But now I needed to sell this thing. Whenever the tough and dejected seat suitor turned back to me, which was far to often, I would turn to the young girl beside me, trying to fake like we knew each other, like we were talking, like maybe, just maybe we were friends. The only possible logic behind my friendship with this girl would be a) that I was an online predator, or b) that I had fathered her at the ripe old age of eight. Yet I felt my life was riding on me selling this, and so I tried. "Ehauh" I mumbled in her direction, over exaggerating hand and mouth movements for my audience a few rows up. The girl looked at me, not sure whether to feel sorry for my apparent turrets, or to ready her mace. Once the movie got started the seat suitor seemed to lose interest in me, and I breathed a sigh of relief, that is until the movie came to an end. Practically knocking over my girlfriend I tried rushing to exit with the teenage girls, trying to look like I was following their story about a trip to a mall. I can't say I sold the role, I can't say my girlfriend was to impressed, but I can tell you Babydoll's are 40% of from now until Tuesday, and I can tell you I'll think twice before defending my principals again.
Boy, was that a mistake.
Now I am a man of principals, and I don't mean your standard "thou shalt not kill" or "thou shall not commit adultery"... don't get me wrong, I generally adhere to these principals, although come on, who hasn't done something unholy on the Sabbath?
Sure it bugs me when my bike gets stolen or someone lies to me, but these aren't really the principals I fight for.
Here's one that I do fight for: say I have a keen ability to read what time a movie starts and a general knack of arriving before this published time. Say this super human ability allows me to get prime seats in the theater, ones that you yourself may covet.
Now lets say you don't trust what is written on the Internet, in newspapers, what is listed on the marquee and printed up on your tickets. Let's say you don't believe in time.
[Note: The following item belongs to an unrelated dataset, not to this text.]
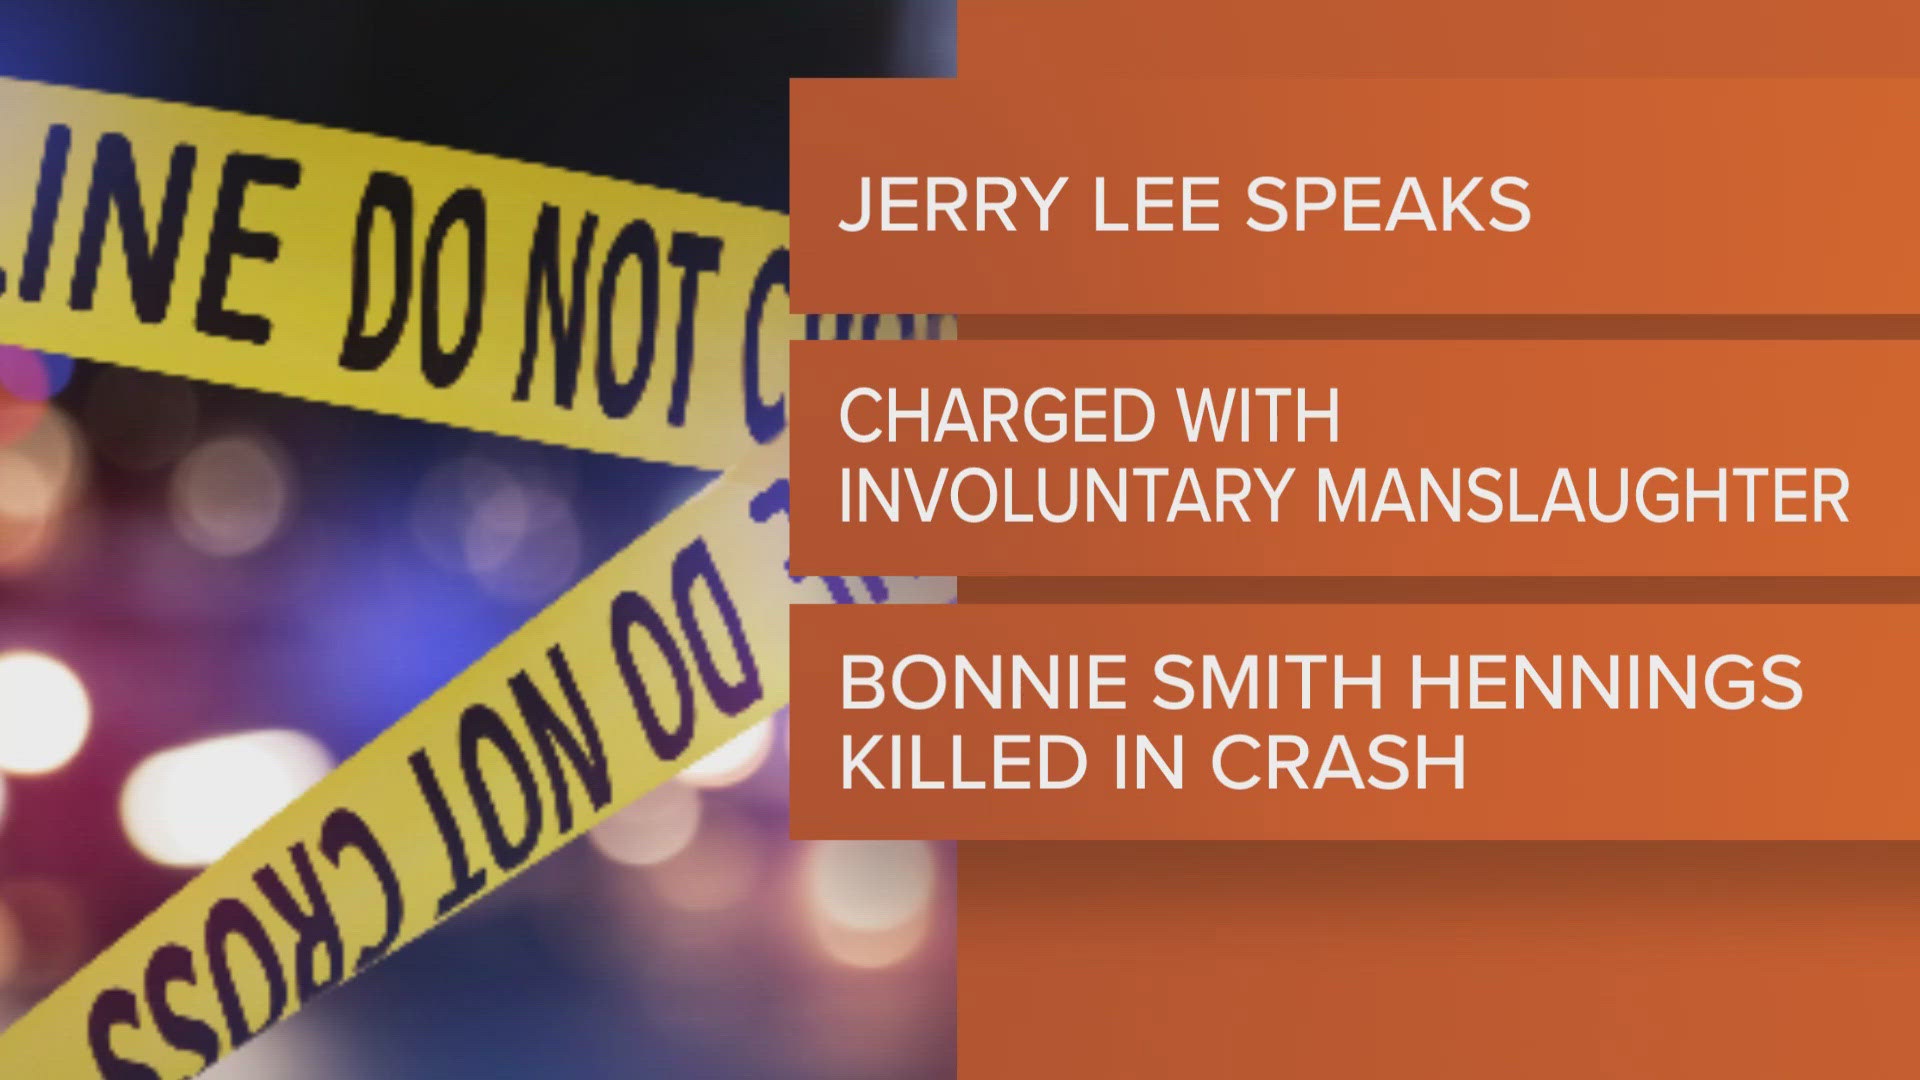 Jerry Lee Speaks is now charged with involuntary manslaughter.

So you arrive just barely before the movie starts.
Naturally I would think your mind would say "I was late, clearly I don't deserve as good a seats as that strapping curly haired Adonis."
Let me stop and explain for a second, by Adonis I am not referring to my manly good lucks, but rather my ability to inspire women to plant vegetables, and ultimately my inevitable future death on the tusks of a wild bore... but I could see how you would make this mistake.
Now continuing with my point...
For some reason a vast number of people don't think this way, they believe that they should have prime seating, and so, even though there are a lot of other sitting options open and available to them, they choose to sit next to me.
When there are other seat choices, I should not be forced to share an arm rest and leg room with you. And yet I sit there quietly, not saying a word.
That is until the other day when I decided to stand up for my principals! To become the Dark Knight of Obscure Social Taboos! Defender of the anal retentive, voice of the neurotic!
I do hope you read that last paragraph with the enthusiasm my exclamation marks instructed you to give it. As the author I am instructing you to go back and re-read it if you failed to properly the last time around.
So like I was saying, this small group of people decide to sit in the row myself and Amanda in, no big deal, until the guy at the end of the group makes a motion for my seat.
Again normally I would let this slide and just be secretly bitter for the rest of the night, but for some reason I felt inspired on this night.
I quickly put my popcorn down in the seat before he could make his move.
Caught off guard he looked at me, trying to size me up.
"Is someone sitting there?" he asked.
"Yeah, yeah someone is," I said before I could even think about the words I was saying.
"Really?" I must've had a bad poker face, he wasn't buying it at all.
"Yeah, really, someone is," I don't cut and run on my lies.
Backing down the guy led his group to one of the wide open rows closer to the screen. Perhaps it was wrong of me to deny this man the seat he sought. Perhaps, but with empty rows why should we have to cram together?
Karma looked like it'd catch up to me in the parking lot after the movie. Throughout the previews the man who had been denied my 'taken' seat looked back at me, seeing if someone was going to sit in that chair.
I should mention that the guy was tough looking, and by tough I mean street tough, not shrunken scrotum needle jabbing weight lifter tough. Admittedly he wasn't the best choice to test the whole 'standing up for principals' policy on.
"He kind of looks like he wants to stab you on the way to the car," my girlfriend whispered to me.
I was starting to get a little worried.
That's when a group of young teenage girls walked into the theater, and naturally, they wanted to sit next to me.
Fearing for my life and needing someone to occupy the 'taken' chair I didn't object.